═════ DATA SHOWN ═════
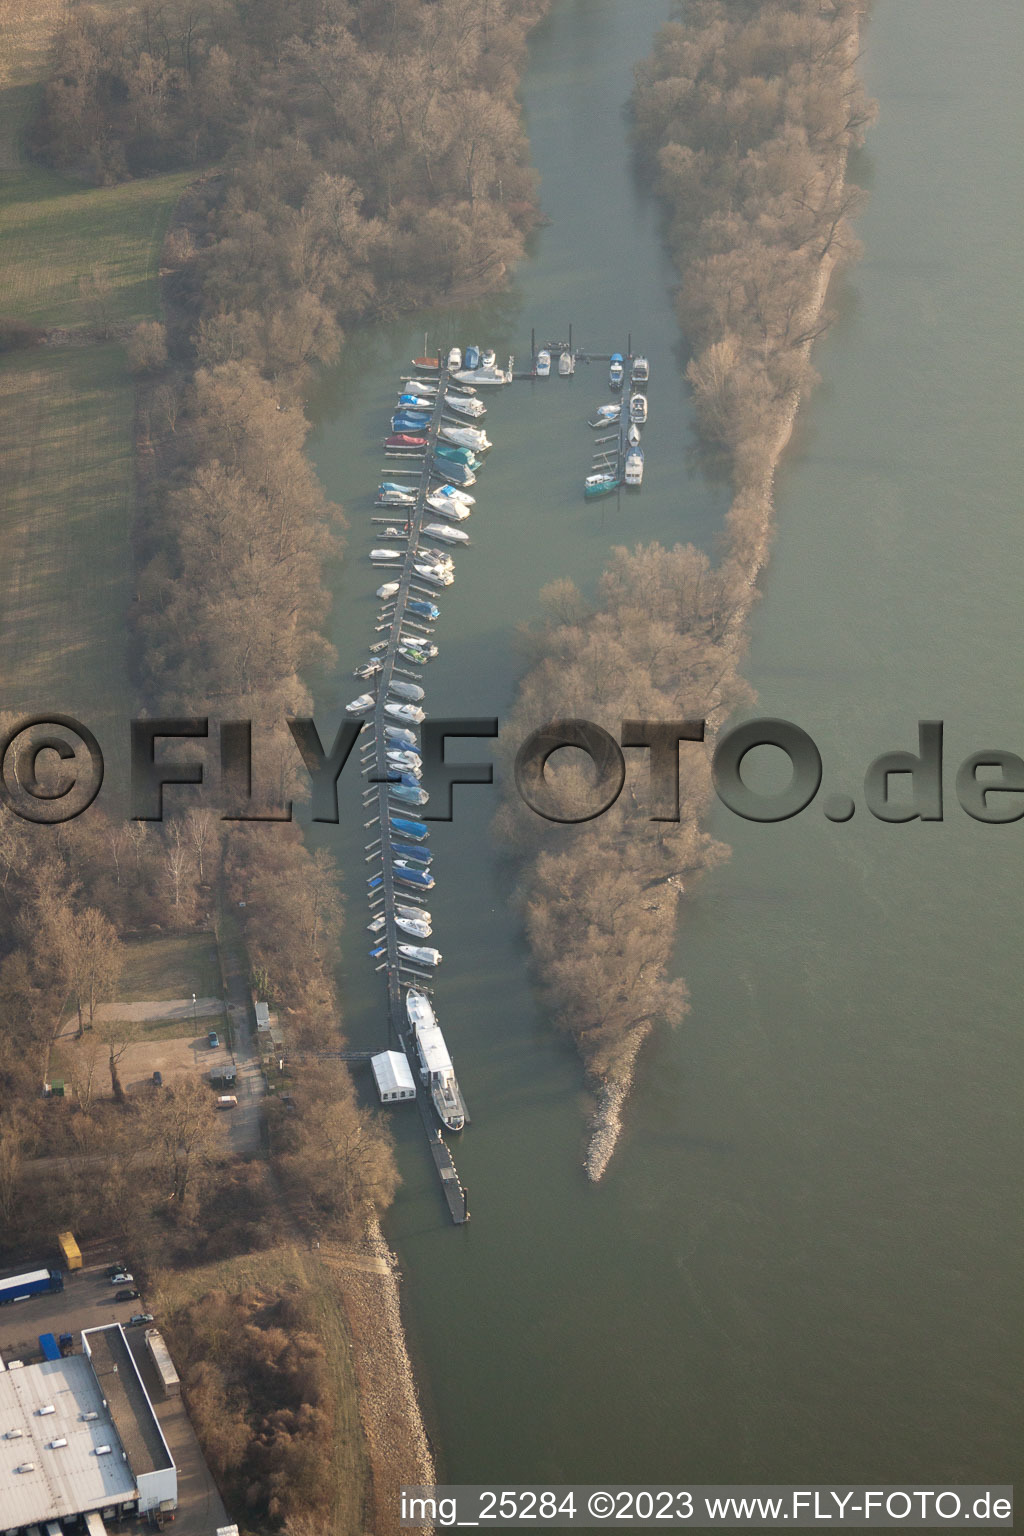 Motorboat harbor in the district Rheinau in Mannheim in the state Baden-Wuerttemberg, Germany
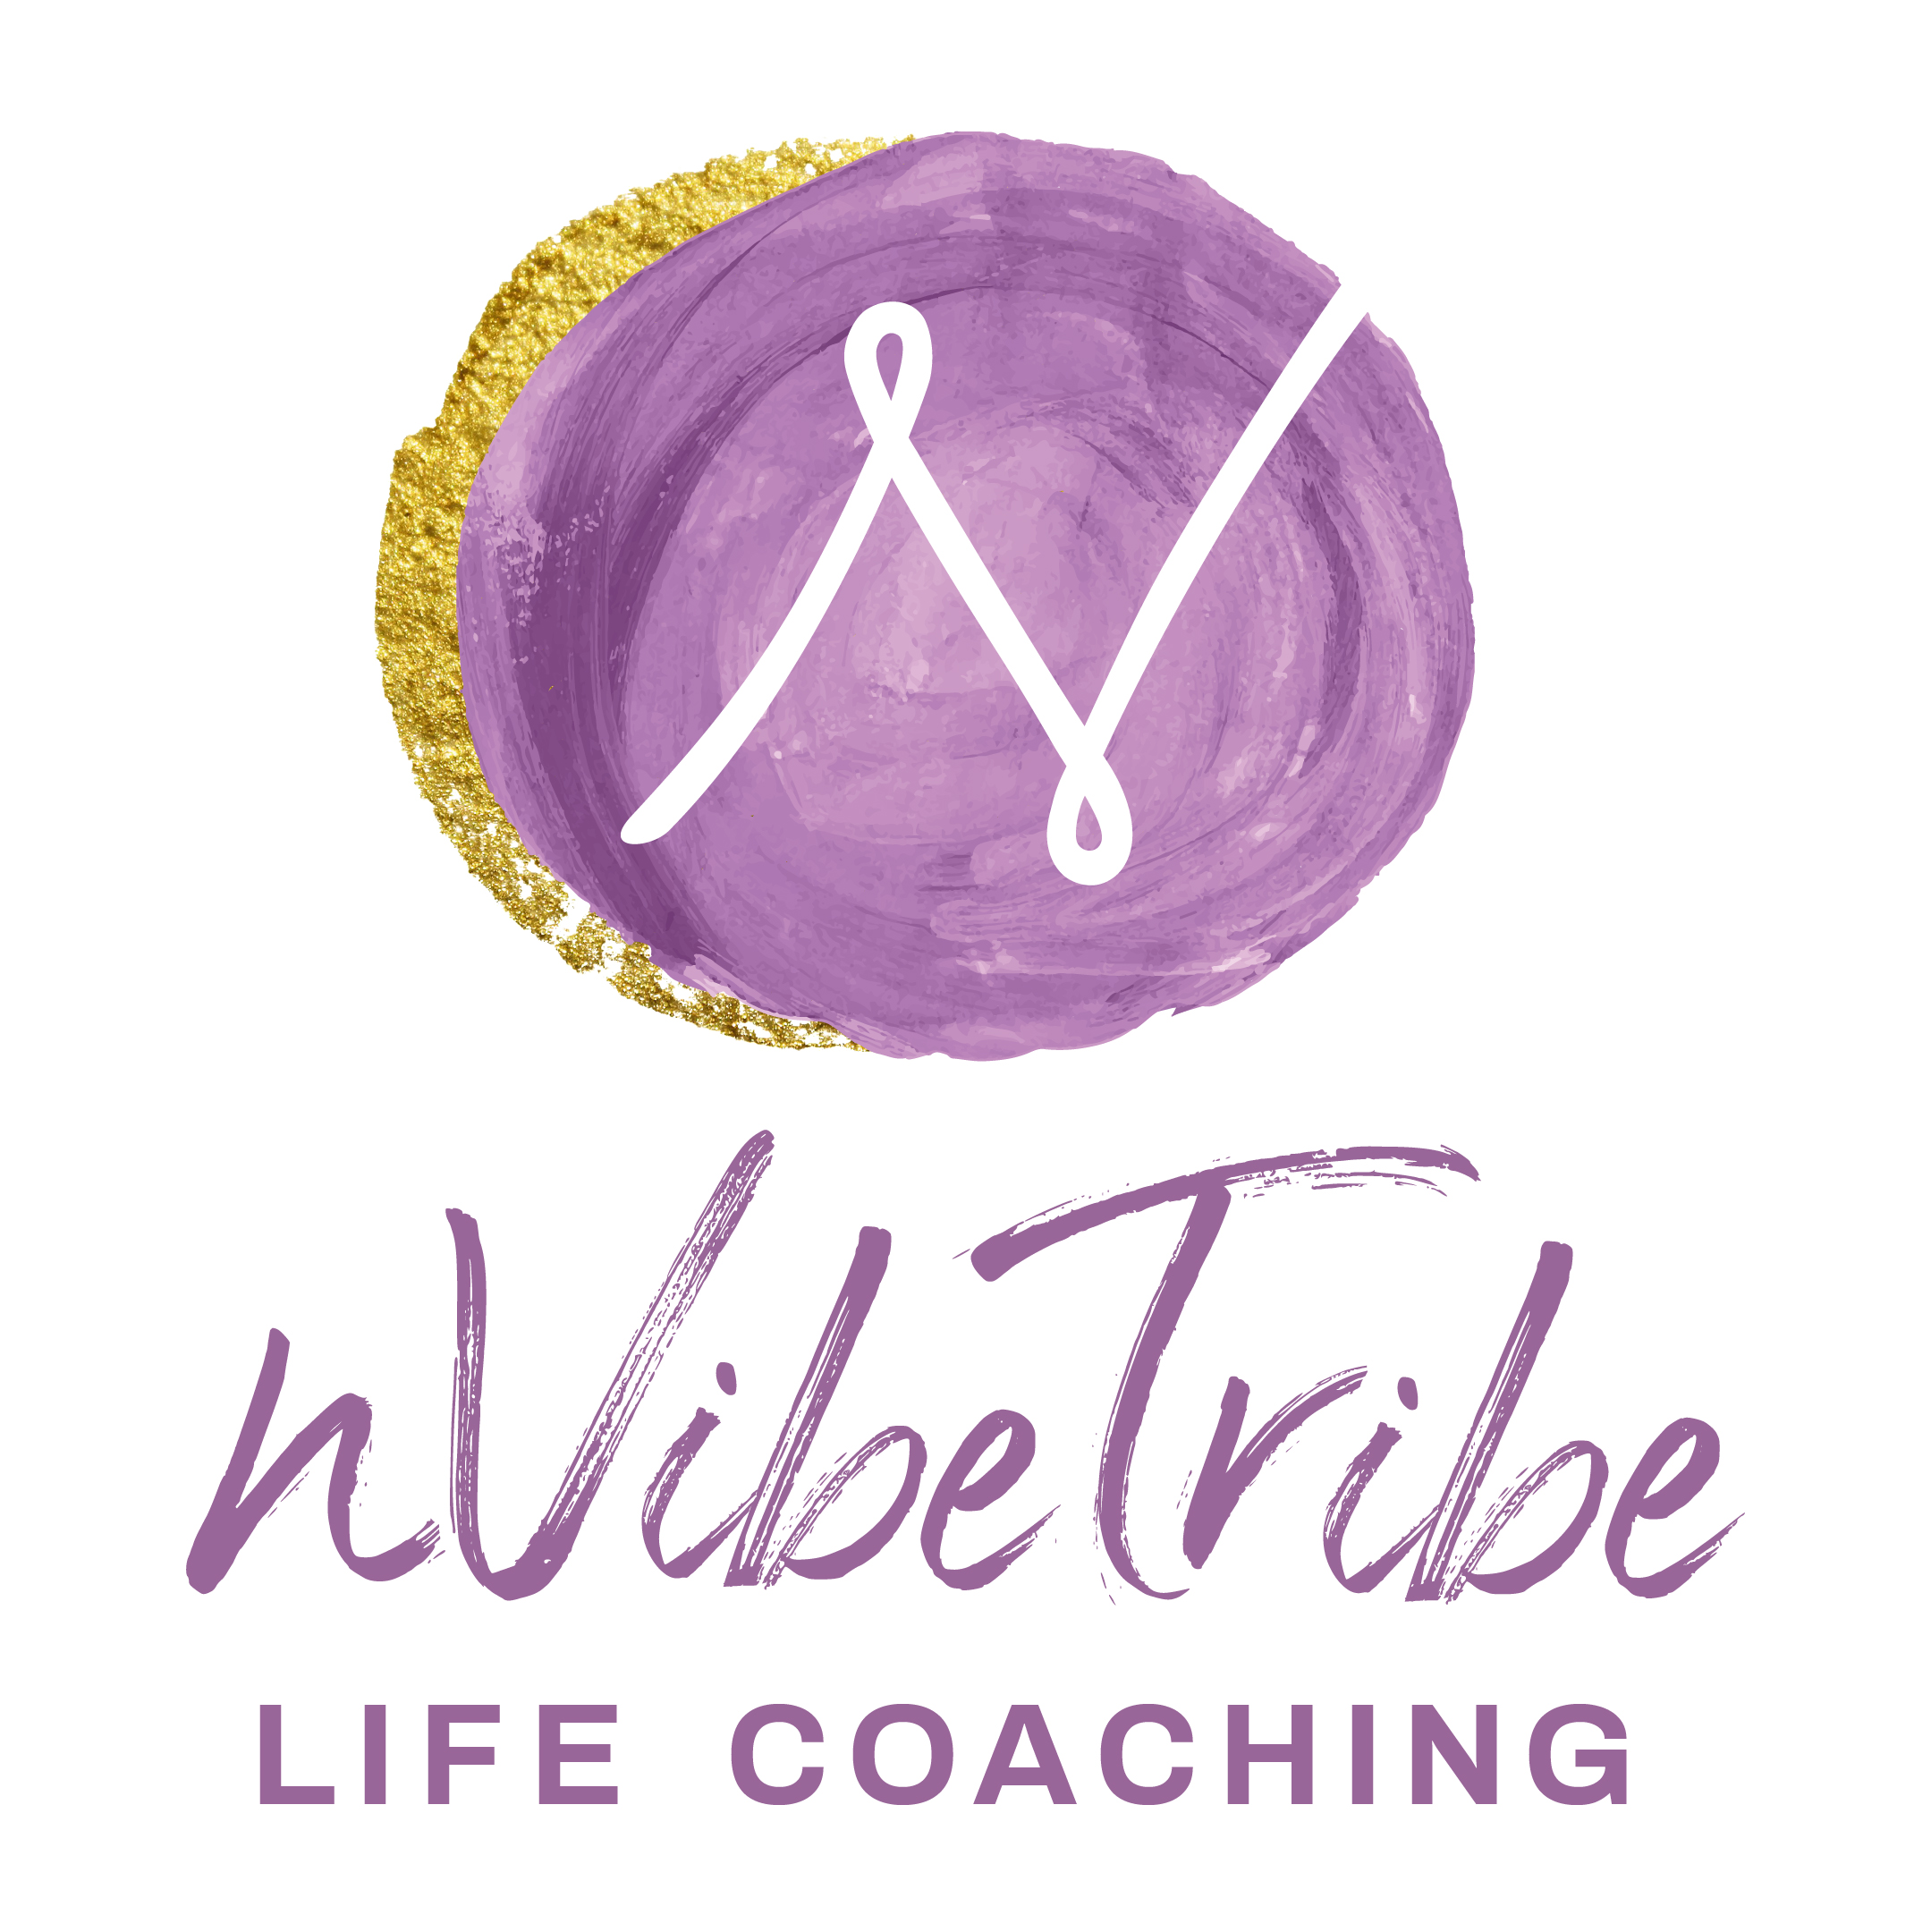 nVibeTribe Life Coaching
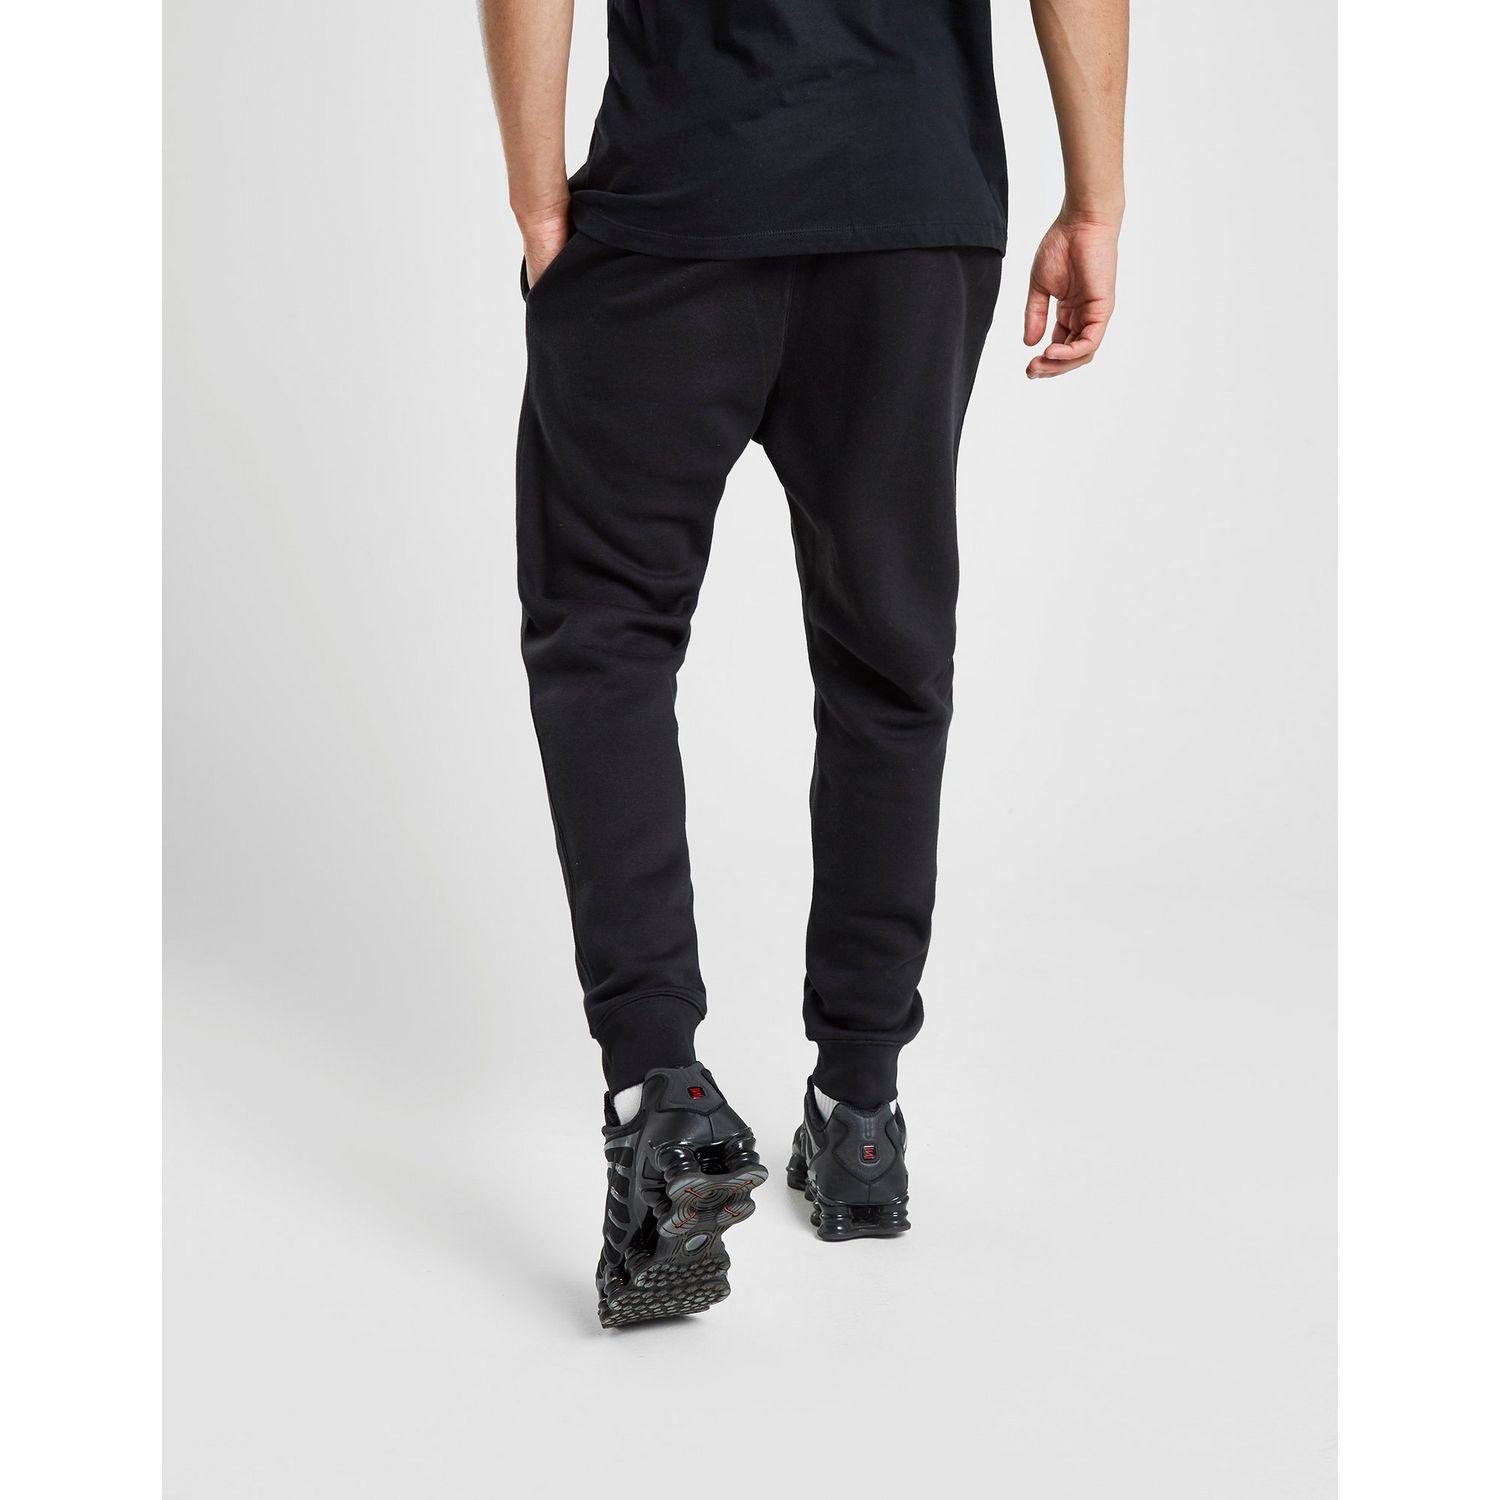 Nike Just Do It Box Logo Fleece Joggers in Black/Black (Black) for Men ...
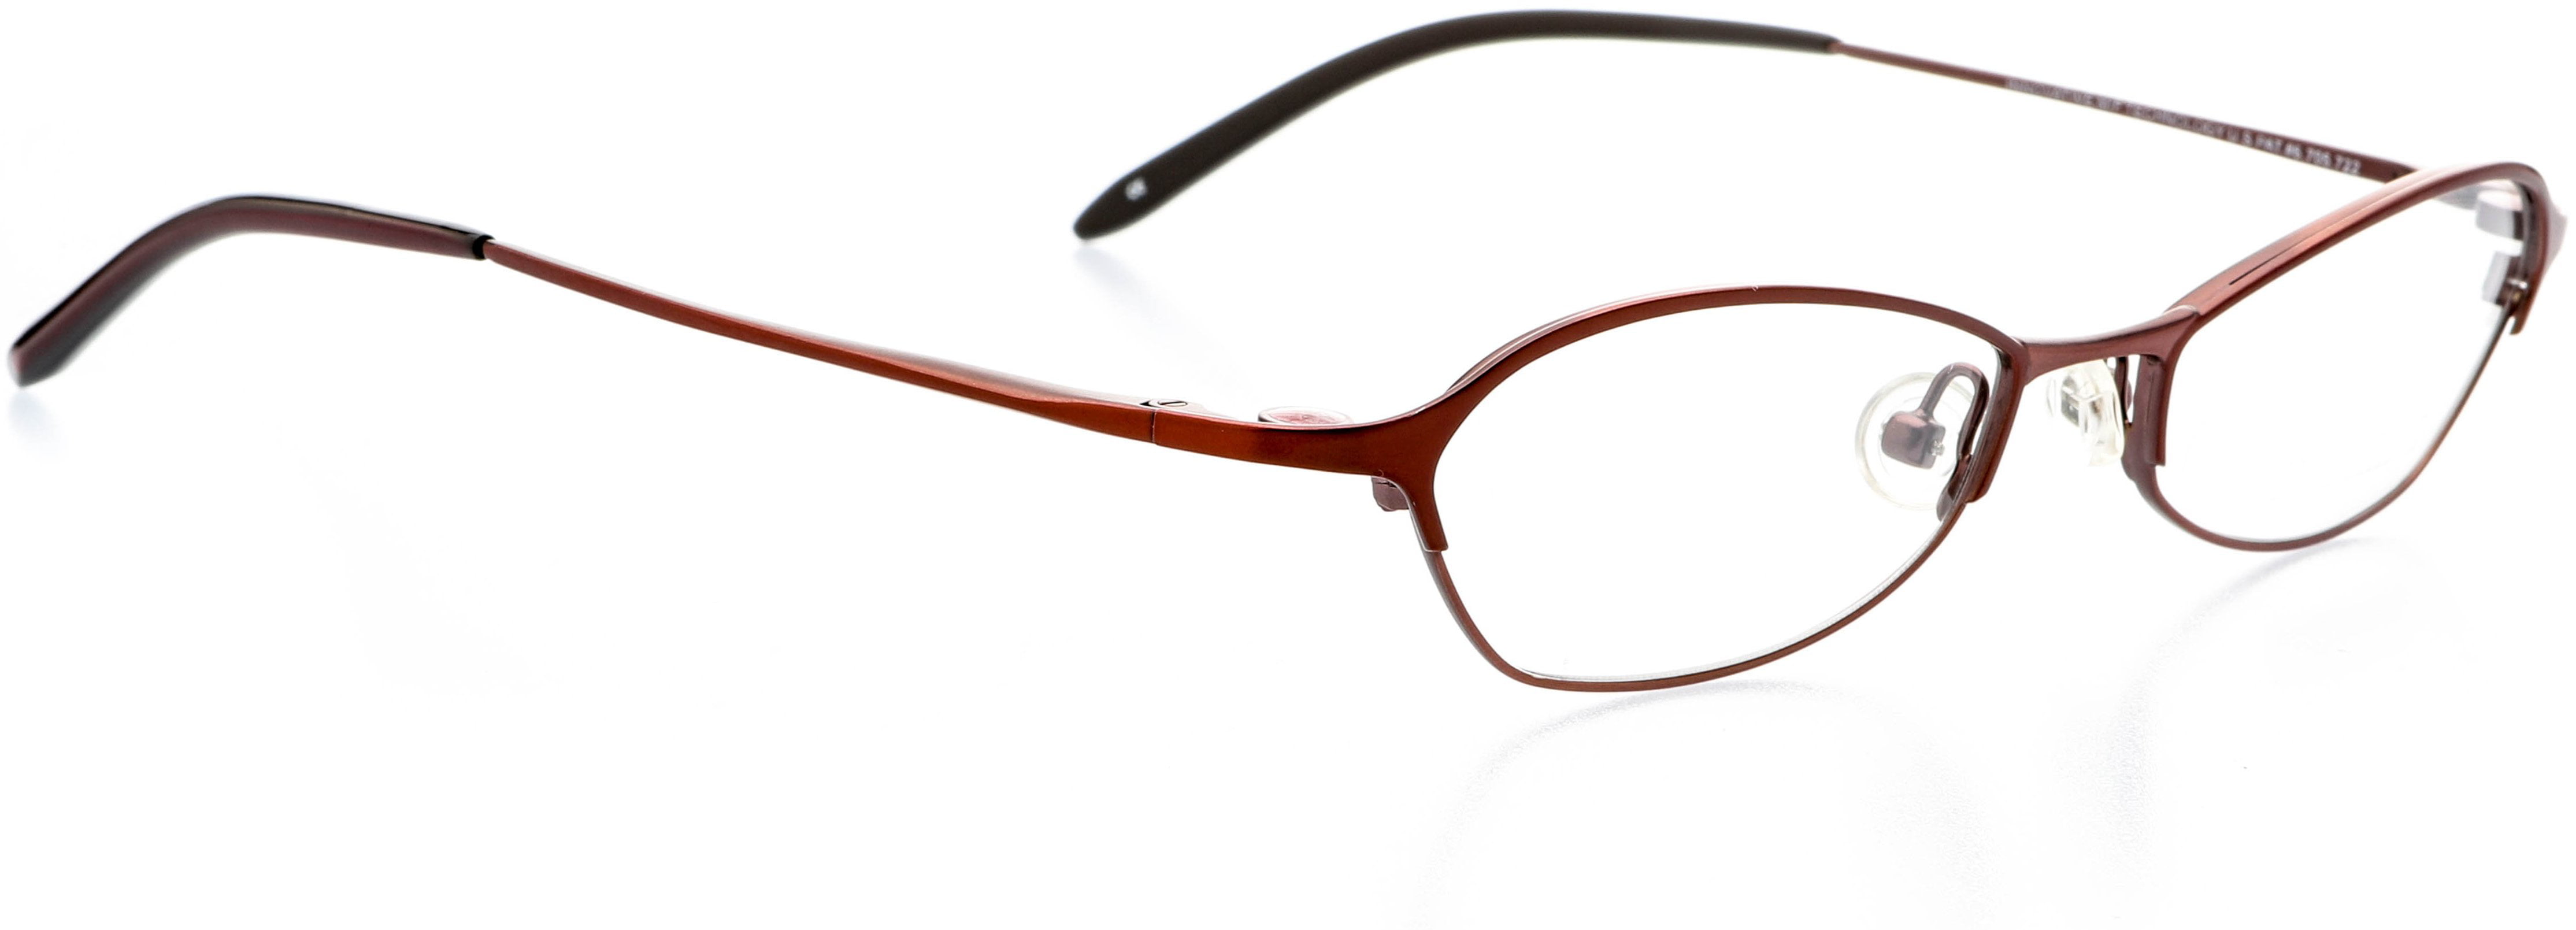 Hit Notion Eyewear - Geometric Oval Shape, Metal Full Rim Frame Glasses ...
═════
A word-for-word copy of the listing is the goal; keep every picture out of it.

 Motorboat harbor in the district Rheinau in Mannheim in the state Baden-Wuerttemberg, Germany
 nVibeTribe Life Coaching
 Nike Just Do It Box Logo Fleece Joggers in Black/Black (Black) for Men ...
 Hit Notion Eyewear - Geometric Oval Shape, Metal Full Rim Frame Glasses ...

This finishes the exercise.